Some liquids have excellent optical properties not seen in solids, such as large refractive index change, efficient magneto-optical effects and high optical nonlinearity. However, liquids are rarely used in optical devices because they are difficult to handle.

Now, Mitsunori Saito and colleagues at Ryukoku University in Japan have overcome this problem by confining a dye solution in nanoholes that are between 50 and 200 nm wide. The liquid is photochromic – it changes colour when UV light is applied to it by undergoing isomerisation.

Although photochromism has been exploited in liquid-based devices before now, such as in photonic switches and diffraction gratings, the dyes were dispersed in polymer or glass matrices. Unfortunately, the resulting solids have slow response times because it is difficult to deform the photochromic molecules in a rigid matrix.

In the new device, confining the solution in nanoholes allows the researchers to handle the compound like a solid, while allowing photochromic isomerisation to take place. What is more, because the nanostructure is smaller than the wavelength of light, the compound acts as a metamaterial with uniform optical properties. The nanoholes also prevent the solution from flowing once an image has been optically written, therefore preventing it from being erased.

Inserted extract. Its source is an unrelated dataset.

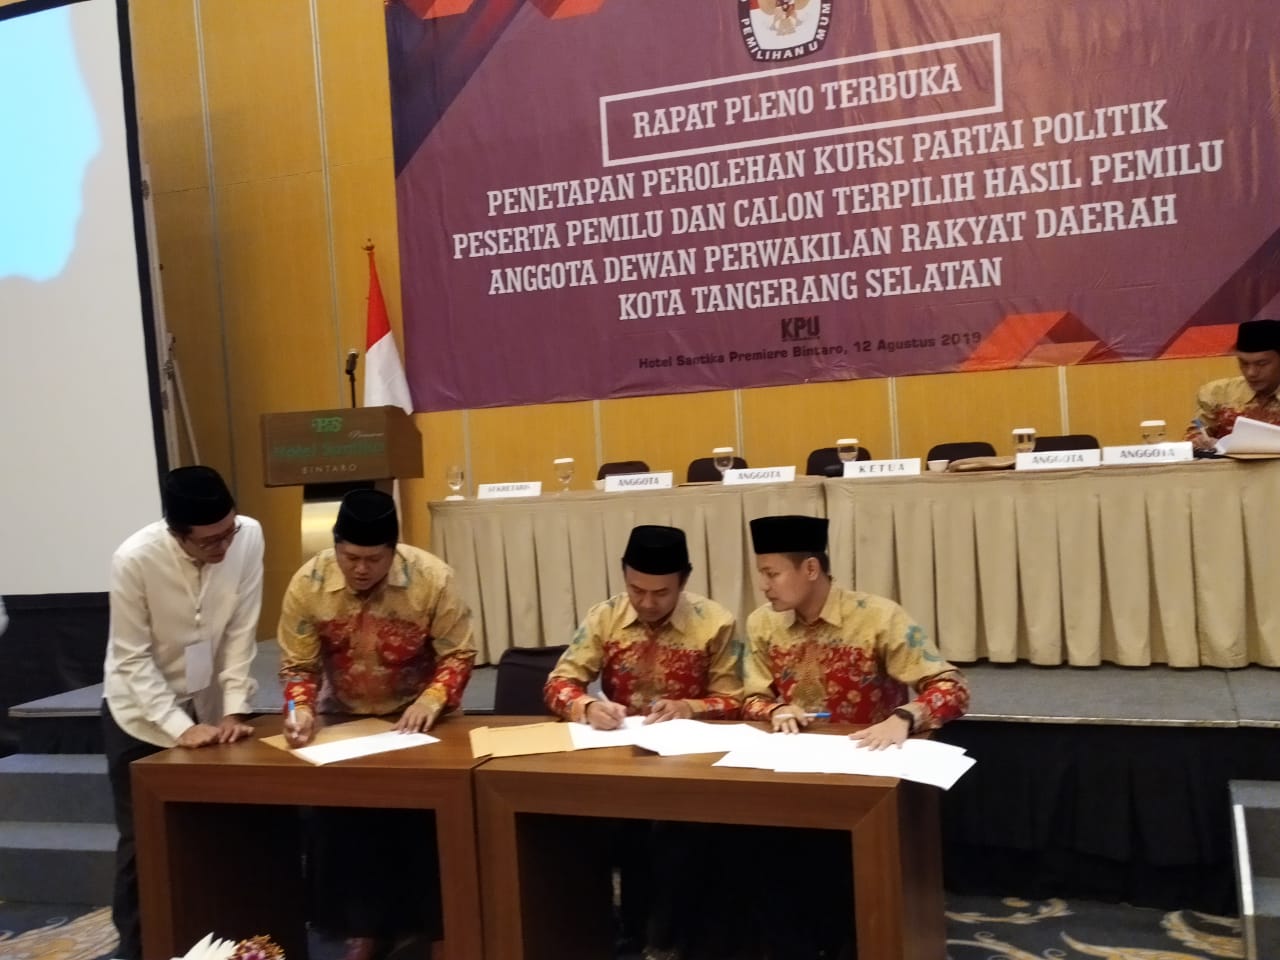 KPU Tangsel menggelar rapat pleno penetapan perolehan kursi partai politik peserta pemilu dan calon terpilih hasil pemilu anggota dewan perwakilan rakyat daerah kota Tangerang Selatan.

Saito and colleagues made their device by allowing a solution of spirobenzopyran to percolate into columnar nanoholes in a film made of anodic alumina, polyvinylidenedifluoride or polycarbonate. This film was sandwiched between two glass plates. When exposed to UV light, the transparent film turns blue or violet depending on the matrix. The film becomes transparent again if visible light is applied to it.

"One can therefore write a pattern by either irradiating the transparent film with UV light or by irradiating the coloured film with visible light," Saito told nanotechweb.org. "We can then erase the written pattern by irradiating with UV or visible light." He says that the device could be used in dynamic holographic recording and all-optical switching.

The researchers now plan to investigate other photochromic dyes and study how molecular structure and size affect the photochromism in the nanoholes. They hope to create a novel compound with improved photochromic functions too. "We are also looking for porous materials with smaller holes (10 nm or smaller) to look at the effect of free volume on photochromism," added Saito.

The team reported its work in Appl. Phys. Lett..